Rogoff on International Financial Regulation

. Saturday, September 26, 2009

He doesn't think executive compensation is the main problem:

[T]here's no one-size-fits-all solution. It's hard not to be sympathetic to that, and clearly we've shown that a lot of the financial firms are effectively public entities with trillions of dollars of cash at their disposal. On the other hand, it's sobering to note that the European banks, by and large, did not have these huge, American-size payouts. Yet they managed to get themselves into just as much trouble. The short-term borrowing is the real problem.

By "short-term borrowing" he really means huge leverage ratios that require banks to roll over their entire net worth many times per month. When credit is flowing, that's not a problem. When it isn't, we get the Great Financial Meltdown of 2008. Along similar lines, Rogoff also wants higher capital requirements, particularly for short-term borrowing by banks.
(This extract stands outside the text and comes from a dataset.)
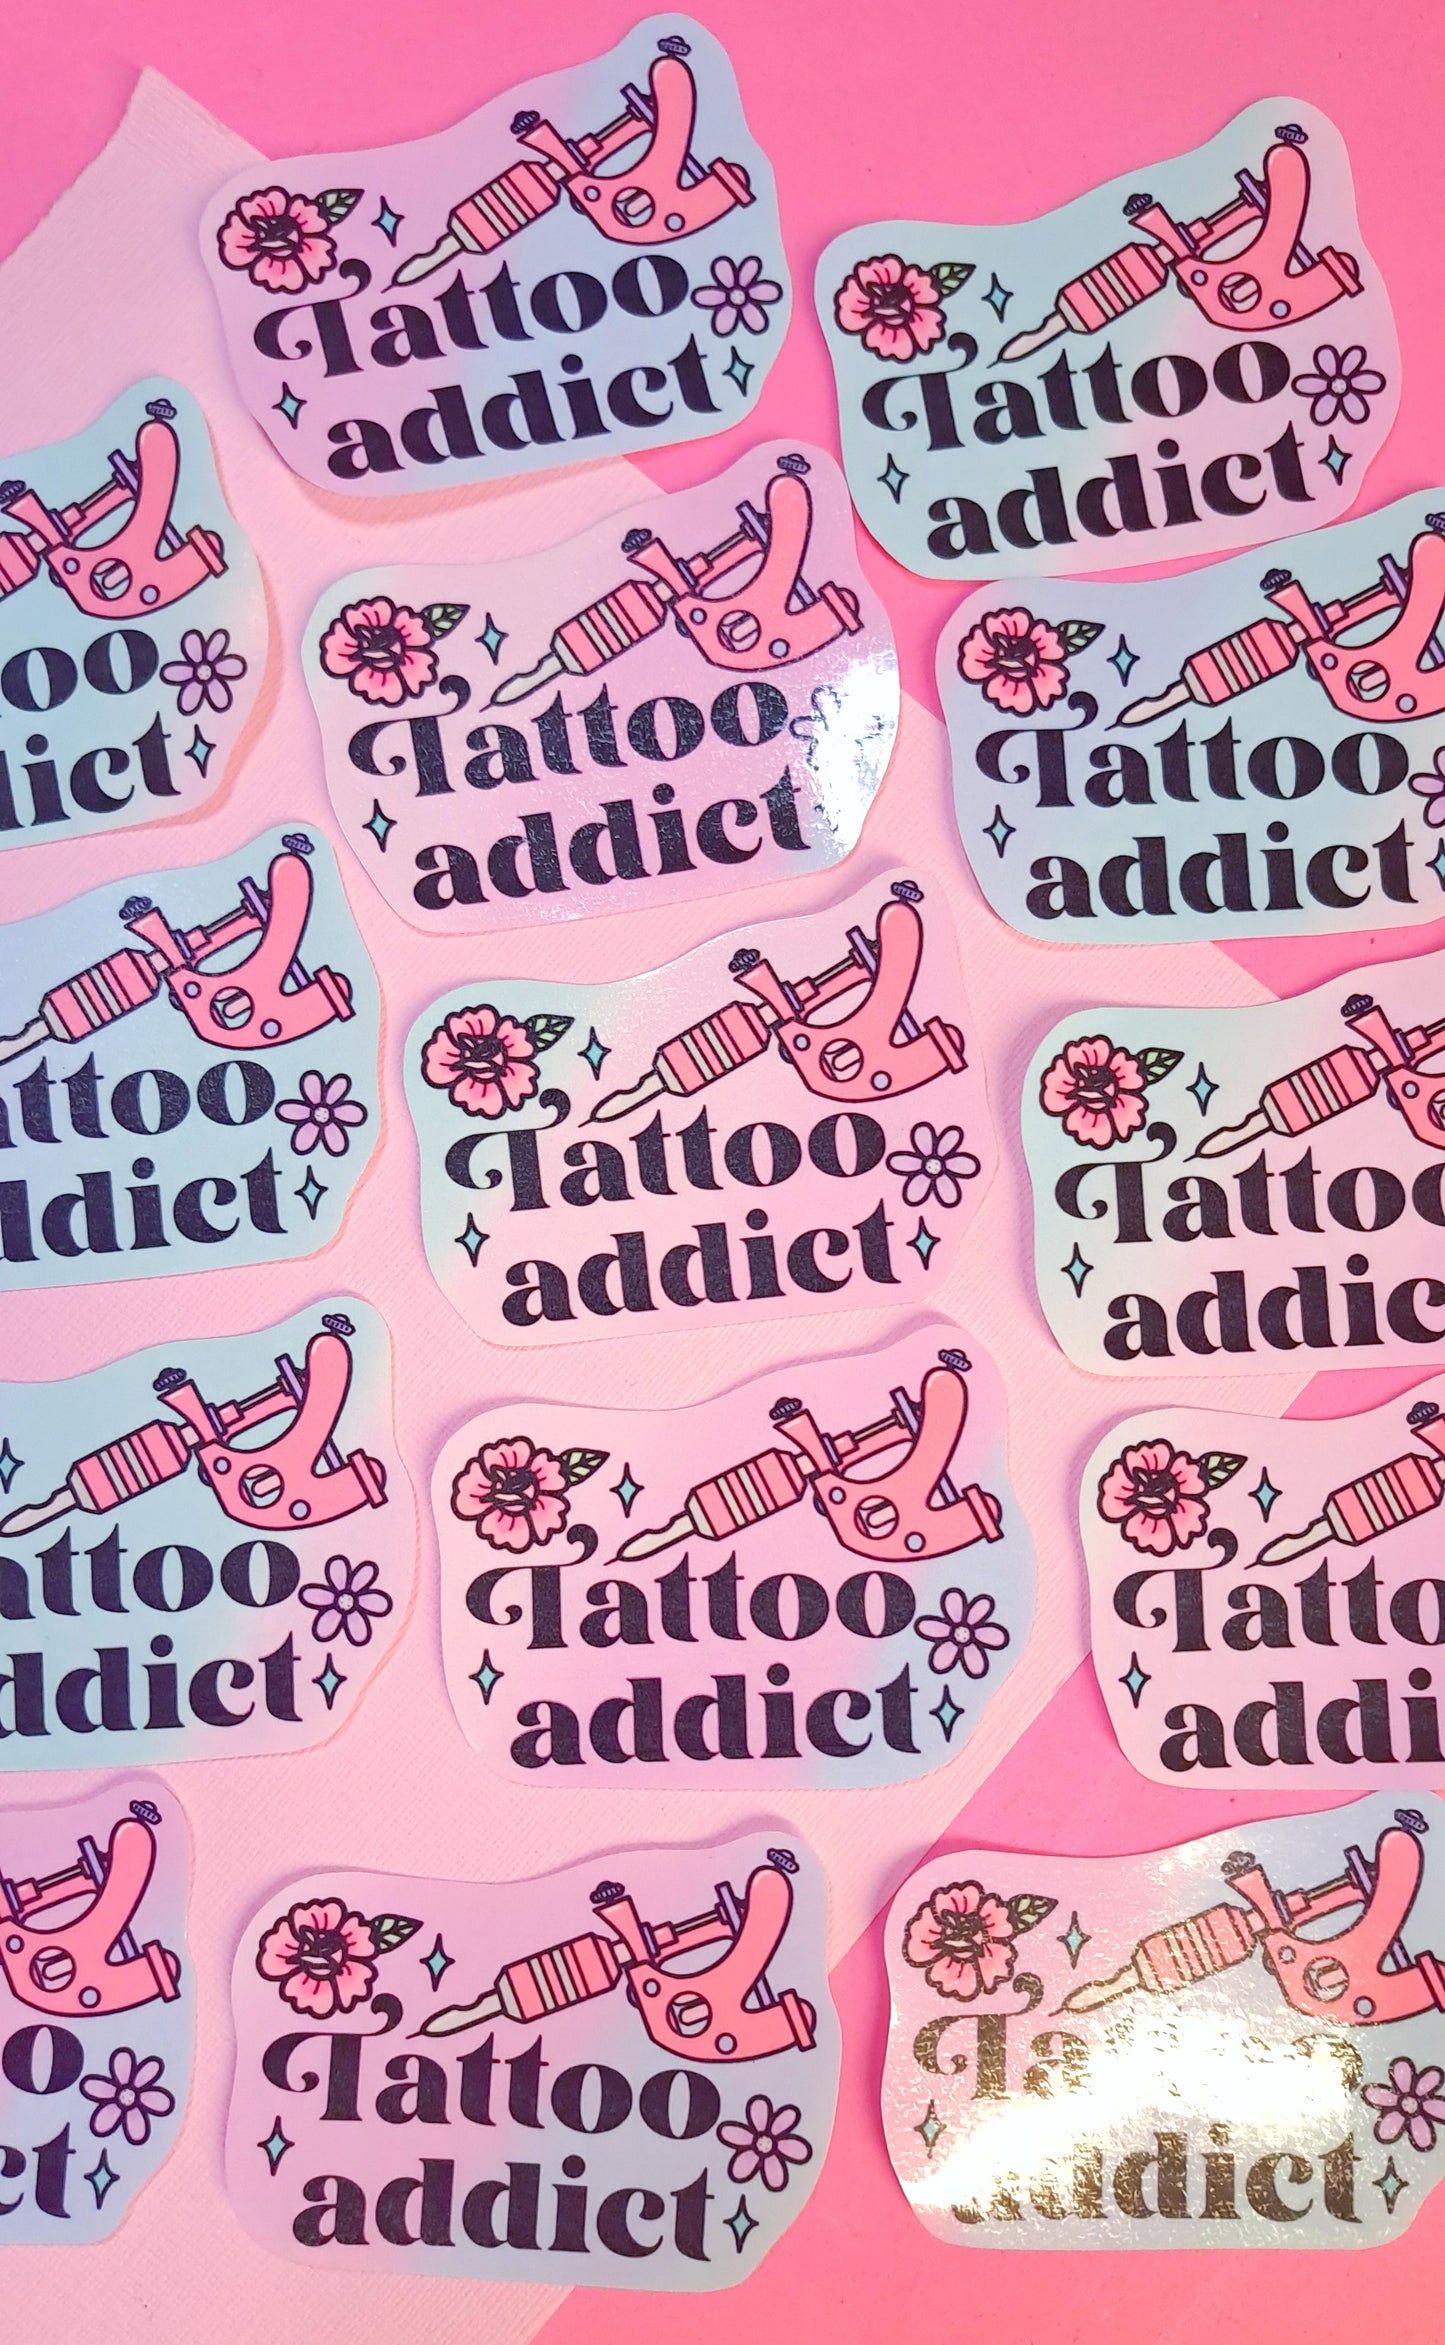 Tattoo Addict Sticker

In other words, Rogoff sees the problem as fundamental to the structure of banking: banks borrow short and lend long. He's right, but that feature will always be with us. The trick is figuring out how to limit the systemic risk.

Rogoff also has thoughts on the difficulties of international harmonization:

Also, the undercurrent is the United States makes a lot of money off of international finance. It's a big profit center -- we are the winners, and we want to keep the system. The rest of the world says, "But you're generating risk." We have a very different agenda from, say, Germany or France. They will have much less to lose by strengthening regulation because they have much stronger regulation to start with.
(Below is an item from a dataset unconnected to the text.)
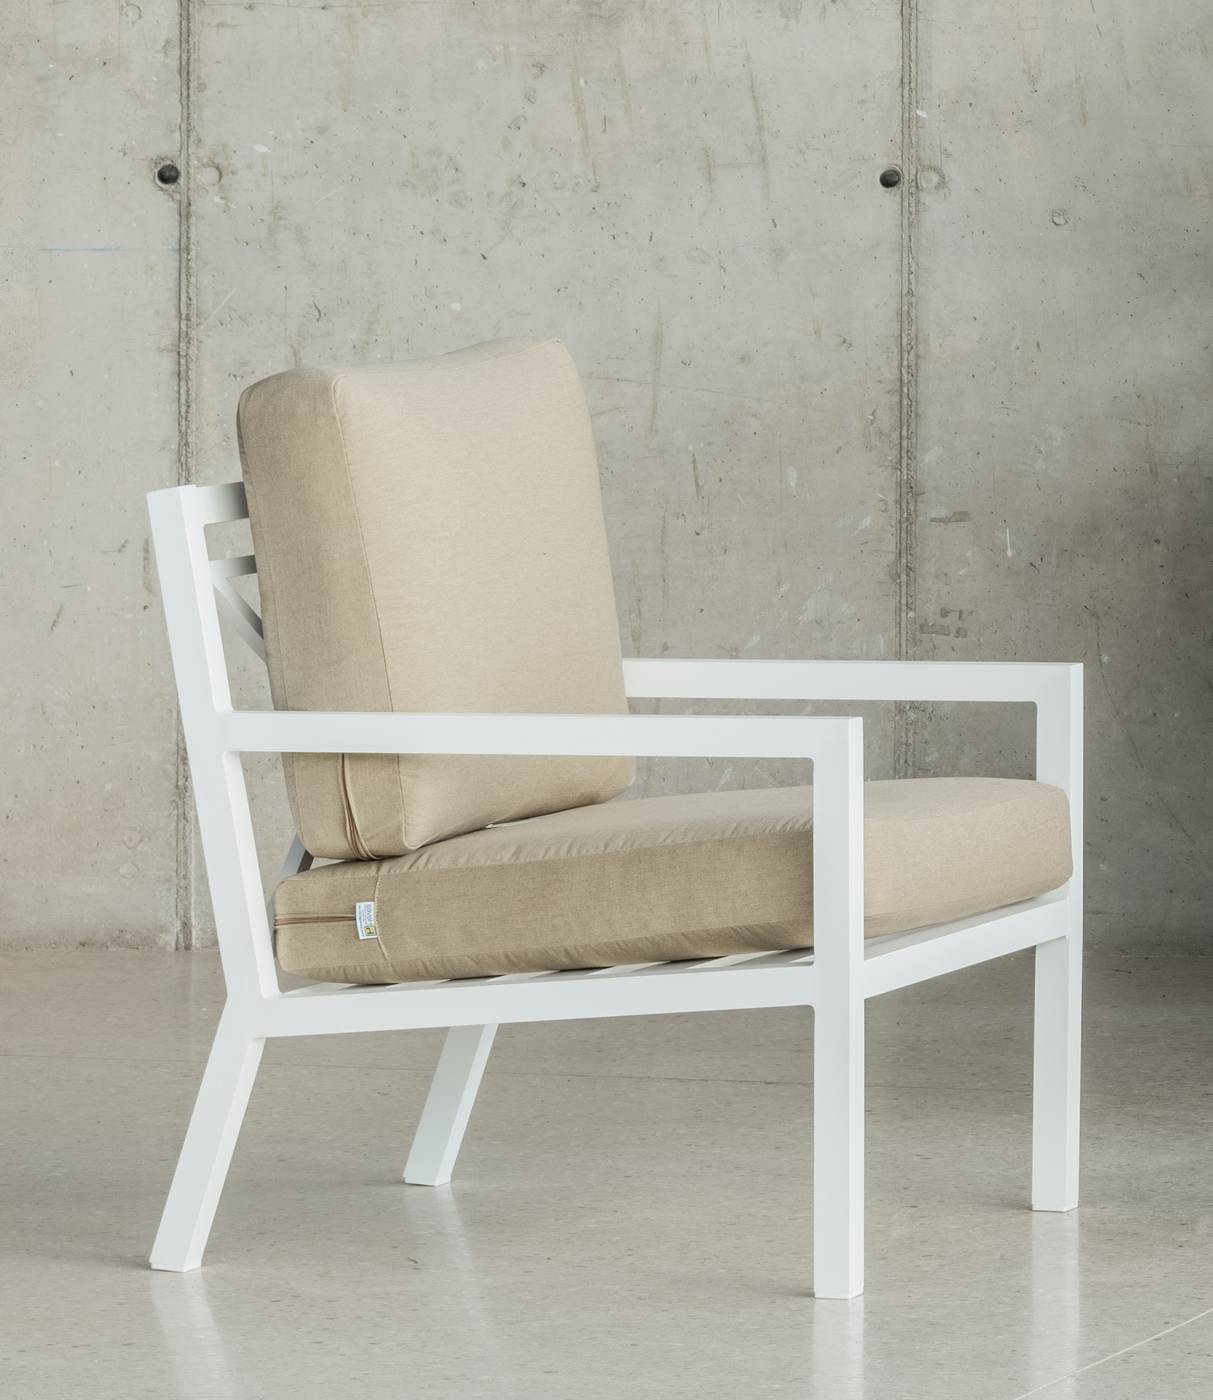 Set Aluminio Luxe Dounvil-8 - Conjunto de aluminio de lujo que incluye: un sofá tres plazas, dos sillones, una mesa de centro y cojines. Disponible en color blanco, antracita, champagne, plata o marrón

It's not just the U.S.: the U.K. and Japan also make a lot of money from finance, and Japan in particular does not seem interested in jacking up capital requirements. Nor is it clear that that would have prevented this crisis or would prevent the next one. Indeed, stricter capital requirements in Basel incentivized banks to take on more securitized loans since those had a lower risk-rating than the unsecuritized debt banks were previously holding.